In the Meta-interpretive Learning (MIL) framework introduced in this paper, predicate invention is done via abduction with respect to a meta-interpreter and by the introduction of first-order variables. This method is therefore related to other studies where abduction has been used for predicate invention. For instance, (Inoue et al. 2010) assumes background knowledge such as the following.

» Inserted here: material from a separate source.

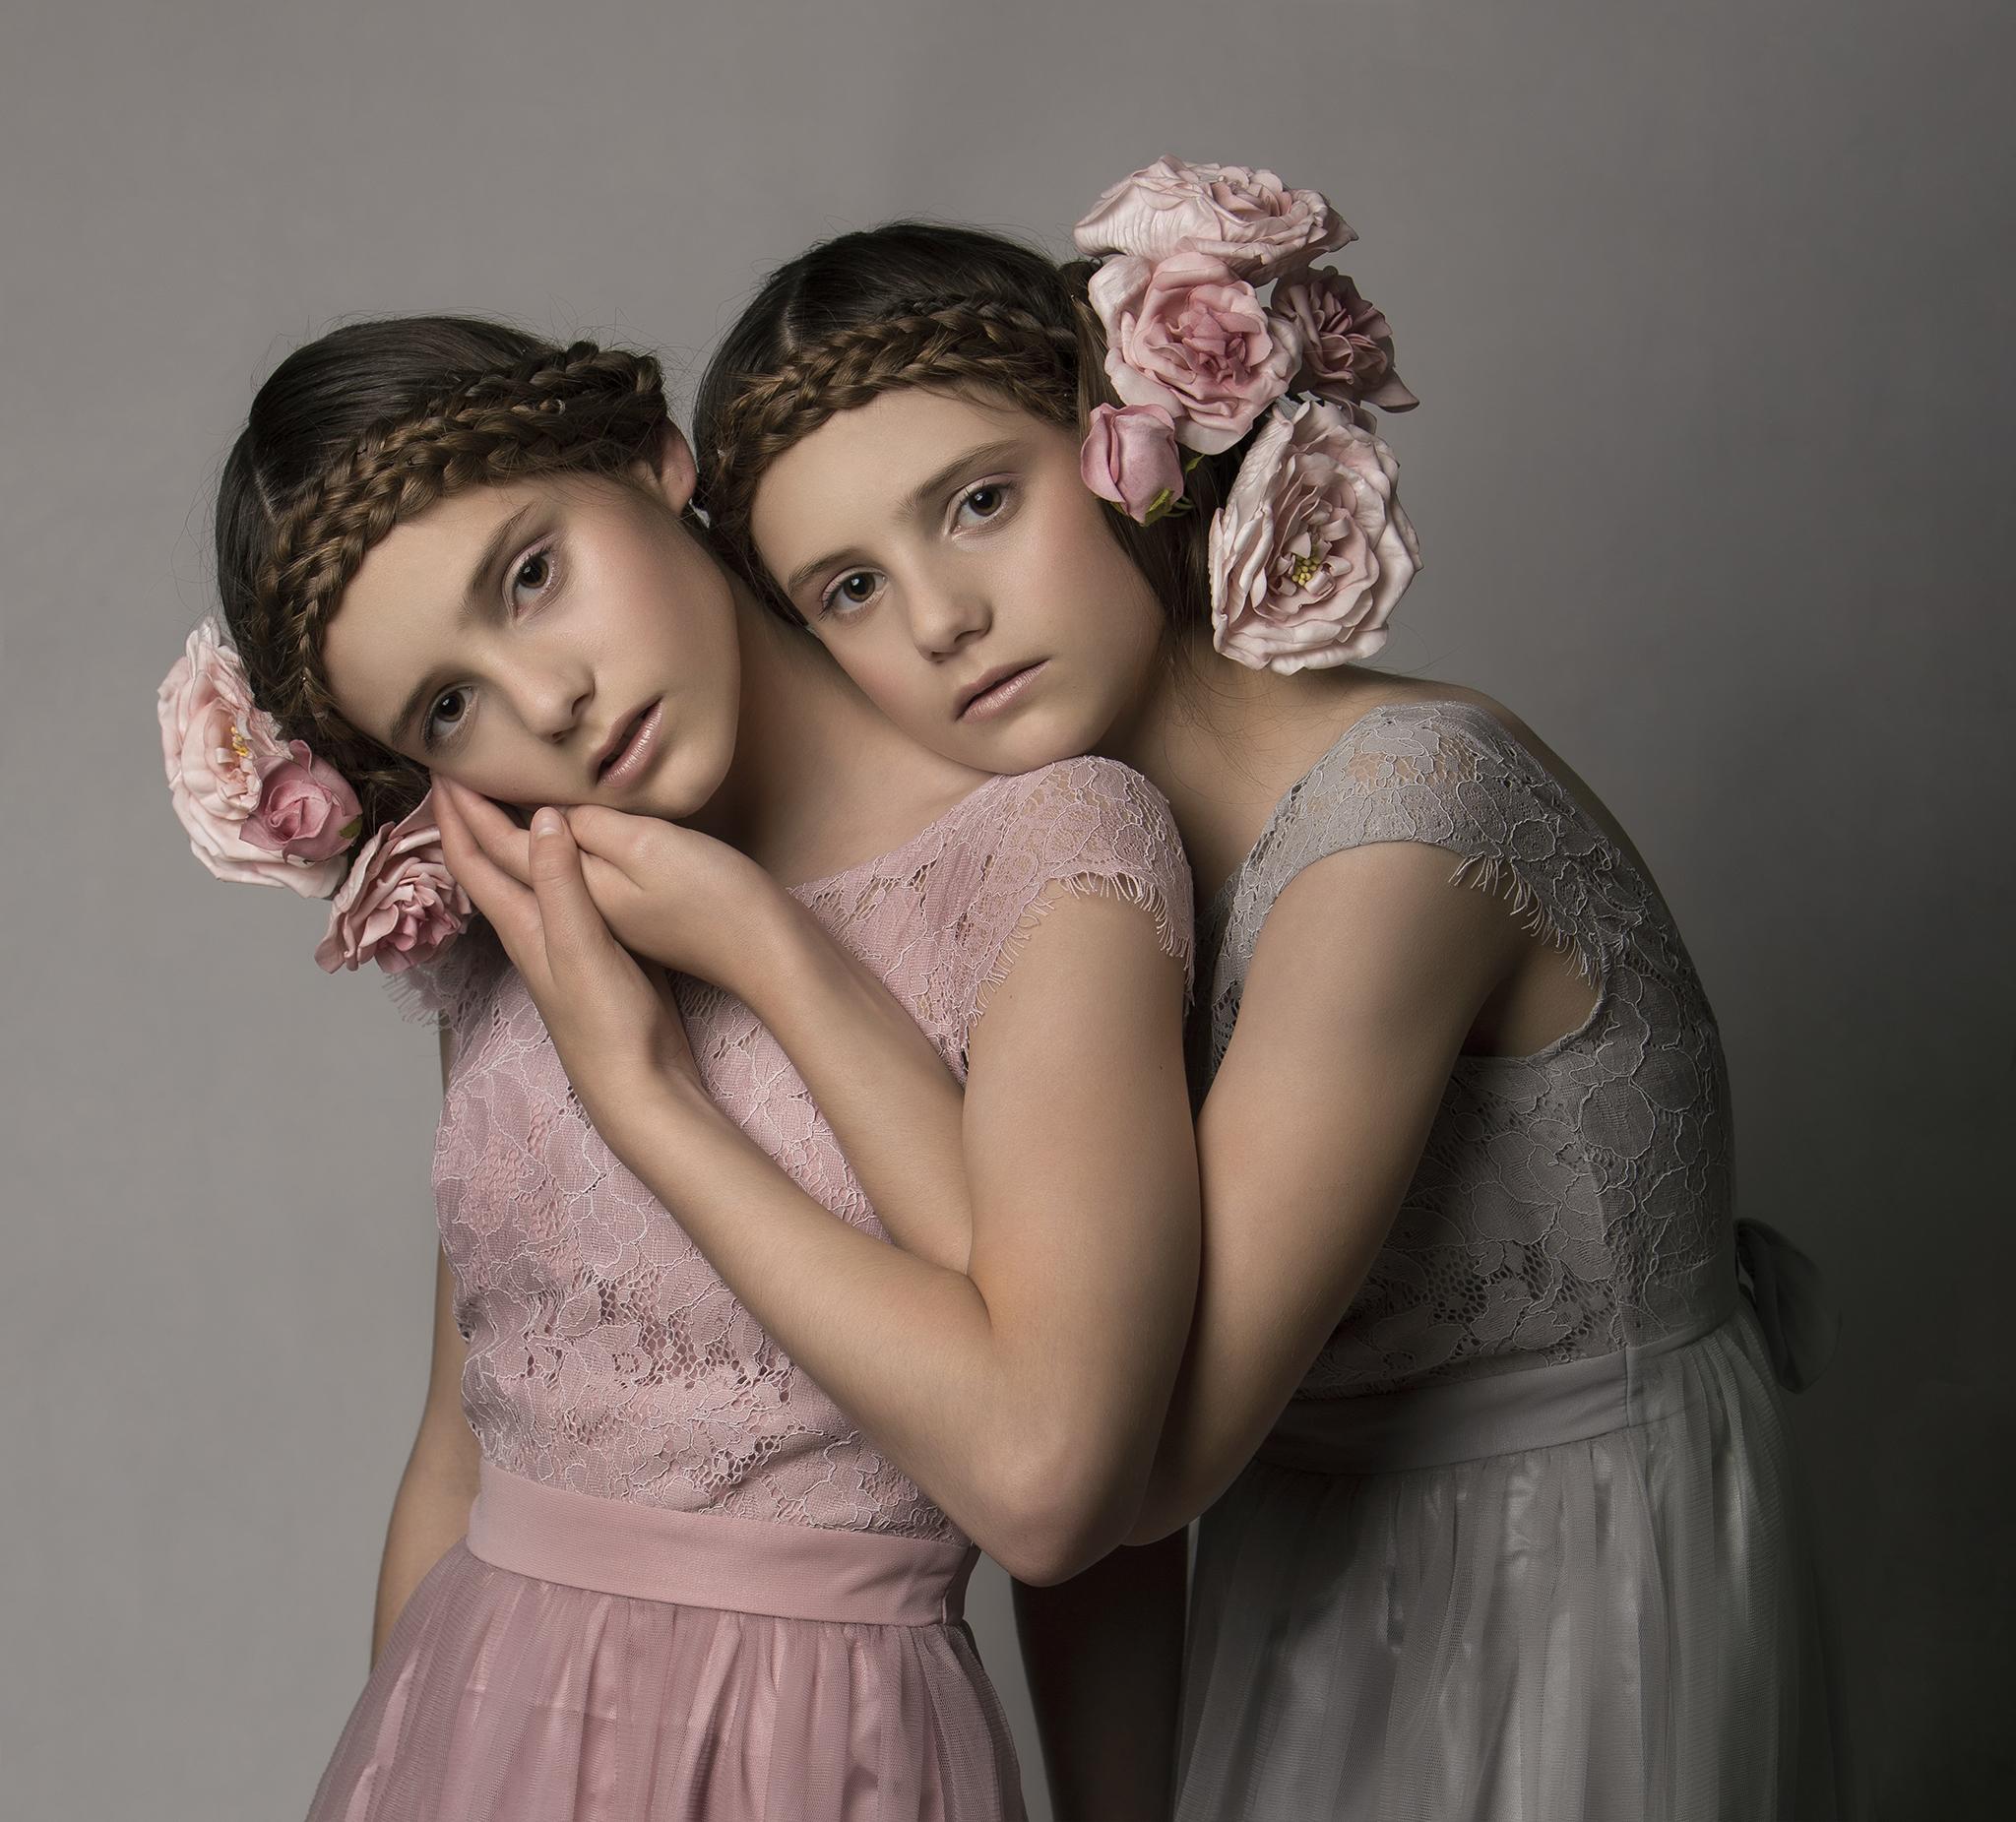 elizabethgphotography_kingslangley_hertfordshire_fineart_childrens_photography_66.jpg

Here the predicates connected and caused are both meta-predicates for object-level propositions g and s. Given multiple observations such as caused(g,s) and caused(h,s) abduction can be used to generate an explanation

$$\exists X\bigl(\mathit{connected}(g,X), \mathit{connected}(h,X), \mathit{connected}(X,s)\bigr) $$

in which X can be thought of as a new propositional predicate. One important feature of MIL, which makes it distinct from this approach, is that it introduces new predicate symbols which represent relations rather than new objects or propositions. In comparison to previous approaches to predicate invention one might question what is meant by the predicate symbols being new. In our case, we assume a source containing either a finite or an infinite source (e.g. the natural numbers) of uninterpreted predicate symbols. Rather than providing these implicitly in hidden code (as was the case in CIGOL (Muggleton and Buntine 1988)), we prefer to have these symbols explicitly defined as part of the Herbrand universe of the meta-interpreter. Abductive hypothesis formation then provides the interpretation for these otherwise uninterpreted symbols.

6 Conclusions and further work

This paper explores the theory, implementation and experimental application of a new framework (MIL) for machine learning by abduction with respect to a given Meta-interpreter. We have demonstrated that the MIL framework can be implemented using a simple Prolog program or within a more sophisticated solver such as ASP. We have applied these implementations to the problem of inductive inference of grammars, where our experiments indicate that they compete favourably in speed and accuracy with the state of the art ILP system MC-TopLog. The MIL framework has a number of advantages with respect to the standard ILP framework. In particular, predicate invention and mutual recursion can be incorporated with ease by way of Skolem constants. The Meta-interpreter provides an efficient declarative bias mechanism for controlling the search for hypotheses, which takes advantage of the completeness of SLD resolution in Prolog. This mechanism is distinct from the use of first-order declarative bias in the form of a ⊤ theory (Muggleton et al. 2010, 2012) since it is not assumed that the meta-interpreter entails each hypothesis.

The approach presented here is limited to learning grammars in the form of DCGs. Such grammars can be learned with predicates of arity at most 2. In future work we hope to deal with a number of extensions of this study. In particular, we would like to extend the applications of the MIL framework to non-grammar fragments of first-order logic. We have shown an example of non-grammar learning, but more general learning problem requires Monadic and Dyadic and higher arity fragments of first-order logic. We would like to incorporate a number of other features of ILP and SRL learning systems such as probabilistic parameters (similar to SRL) and noise handling.

Clearly devising an appropriate meta-interpreter for a fragment of logic other than those studied in this paper will require careful mathematical analysis. The situation may be compared to that within Support Vector Machines, in which certain mathematical properties have to be established for each new form of kernel function. Hopefully, over time, such a process will become more routine and it may be possible to provide end users with general tools which support this activity. In the ideal case, we would like in future work, to develop a meta-interpreter which is capable of implementing highly expressive, ideally Turing-complete, languages. Such a meta-interpreter might then be reasonably expected to learn effectively on arbitrary new problems without further manual revision of its meta-interpreter.

In closing we believe the MIL framework provides a promising and novel form of Inductive Logic Programming which avoids a number of the bottlenecks of existing approaches.